Yine, KOP Projesi'nin bir diğer ayağı olan ve yapımına 2012 yılında başlanan Afşar-Hadimi Tüneli de yıllardır tamamlanamadı. Afşar Barajı'nda 2019 yılında gövde inşaatı tamamlandıktan yaklaşık iki yıl sonra su tutulmaya başlandı. Suyun geç tutulması nedeniyle Afşar Barajı'nın betonlarında çözülme ve çürümeler olduğunu 2021 yılında yerinde inceleyerek şahit olmuştuk. Gelecek Partisi Konya İl Başkanlığı olarak Afşar Barajı'nın durumunu kamuoyuna taşımamızın ardından 2021 yılında barajda göstermelik olarak su tutulmaya başlanmıştı ancak Konya Ovası susuzluktan kururken, çiftçilerimiz zor günler yaşarken yine plansızlık, ihmaller ve liyakatsizlik nedeniyle Afşar Barajı'nın suyu bir türlü Konya Ovası'na akıtılamadı çünkü Afşar Barajı'nda toplanan suyu Eğiste Barajı'na taşıyacak 18 kilometrelik Hadimi Tüneli de yıllardır bitirilemedi. Tünelin bitmemesi Afşar Barajı'nın kaderine terk edilmesine sebep oldu. Konya Ovası için önem taşıyan bir su tünelinin iktidar tarafından on bir yıldır hizmete açılamaması Hadim ve Taşkentliler kadar ovada su bekleyen çiftçilerimizi de derinden yaralamaktadır. Konya Ovası ve Konya'nın geleceği iktidar tarafından kaderine terk edilmiştir. Sayın Genel Başkanımız Ahmet Davutoğlu Başbakanlık görevine devam etmiş olsaydı Konya Ovası Projesi Konya'mıza ve Türkiye'mize şimdiye kadar çoktan kazandırılmış olacaktı. Konya Ovası Projesi tamamlanmış olsaydı Konya Ovası'ndaki tarımsal verimlilik ve çeşitlilik artacaktı, çiftçilerimiz daha fazla üretim yapacaktı, katma değeri yüksek ürünler üretilecekti; böylece gıdada ithalata bağımlılık azalacaktı, çiftçilerimiz suya ulaşmak için 300-400 metre derinliğinde kuyu açmak zorunda kalmayacaklardı, elektrik başta olmak üzere enerji maliyetleri düşecekti.
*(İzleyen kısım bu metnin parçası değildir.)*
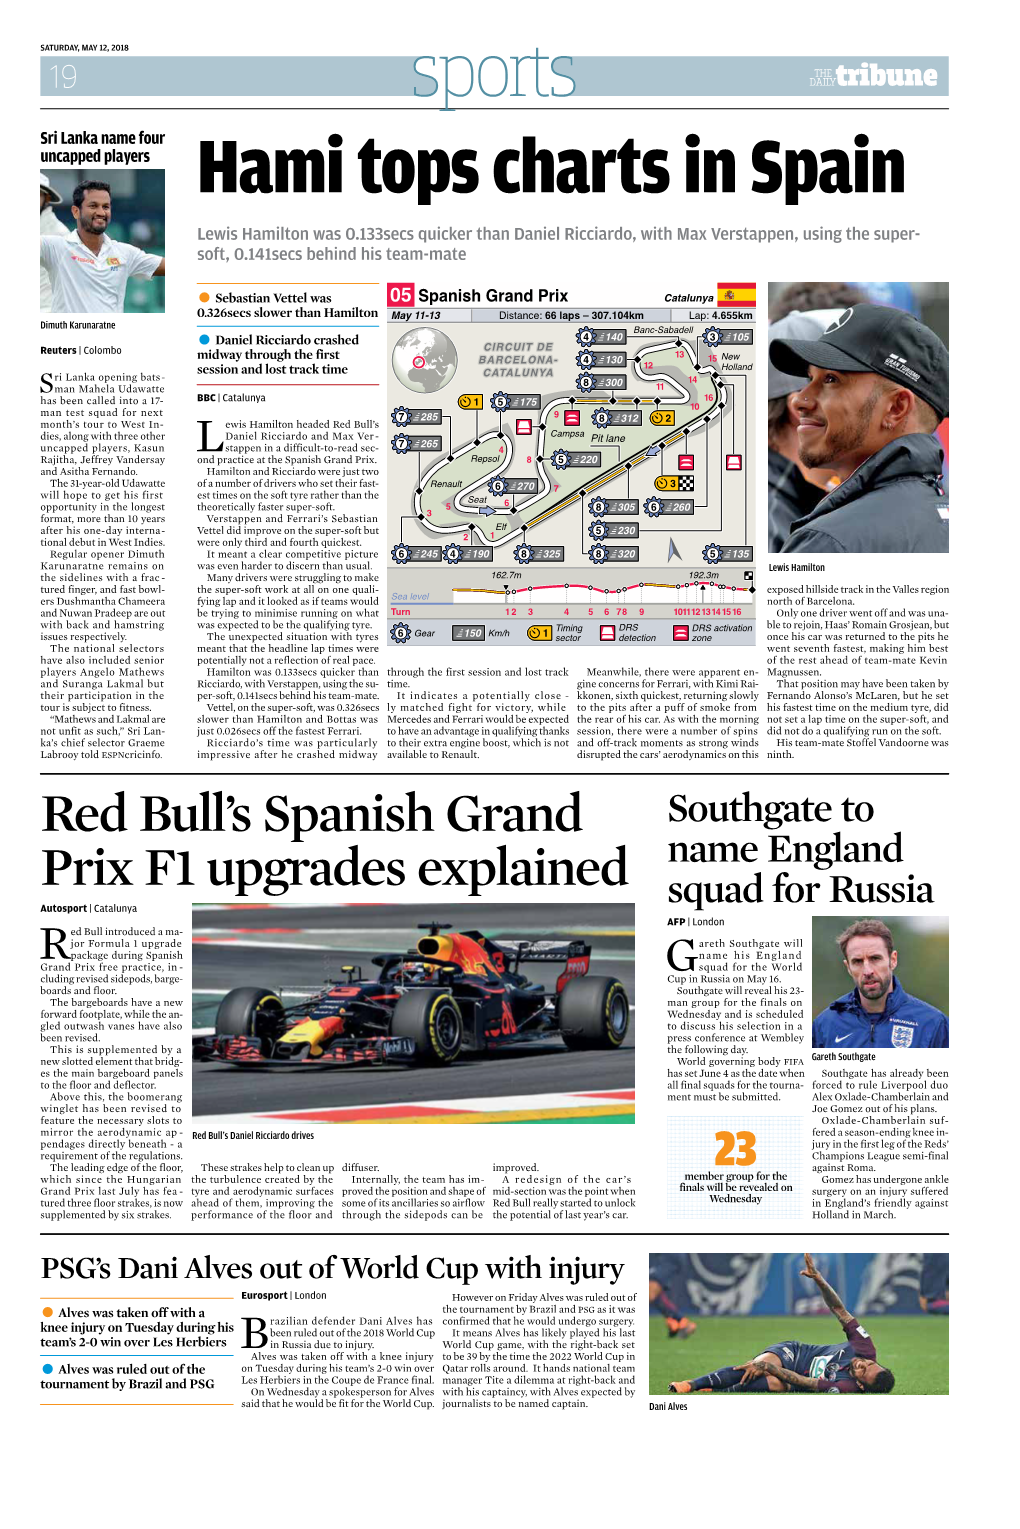 Red Bull's Spanish Grand Prix F1 Upgrades Explained

Konya Ovası Projesi'ni ihmal eden iktidarın önceliğinde şimdi Kanal İstanbul Projesi var. Bir grup imar rantçısının menfaati için Kanal İstanbul'u yapıyorlar. Oysa Kanal İstanbul Projesi'nin üçte 1'i maliyetine Konya Ovası Projesi'ni tamamlamak mümkün. Buradan iktidara çağrıda bulunuyorum: Gelin, sınırlı bütçe kaynaklarımızı Kanal İstanbul gibi rant projelerine değil, geleceğin stratejik alanları olan gıdaya, tarıma, çiftçimize ve en önemlisi suya ayıralım yani 85 milyonun ortak geleceğine ayıralım. Gelin, Kanal İstanbul Projesi'ne derhâl son verelim, Kanal İstanbul Projesi'ne ayrılan bütçeyi Konya Ovası Projesi'ne ve ülkemizin diğer sulama projelerine kullanalım. Bütçemizi çevre havzalardaki Fırat'ın, Kızılırmak'ın ve diğer nehirlerin suyunu İç Anadolu havzasına taşımak için kullanalım çünkü geldiğimiz nokta itibarıyla Konya Ovası'nın kurtulması için bu bir zorunluluktur. Gelin, artan kuraklıkla birlikte tarımda kendi kendimize yeterliğimizi artırmak ve gıda güvenliğimizi sağlamak için Konya Ovası Projesi'ni bir an önce tamamlayalım, milletimizin kaynaklarını yine milletimiz için kullanalım, çiftçilerimiz için kullanalım.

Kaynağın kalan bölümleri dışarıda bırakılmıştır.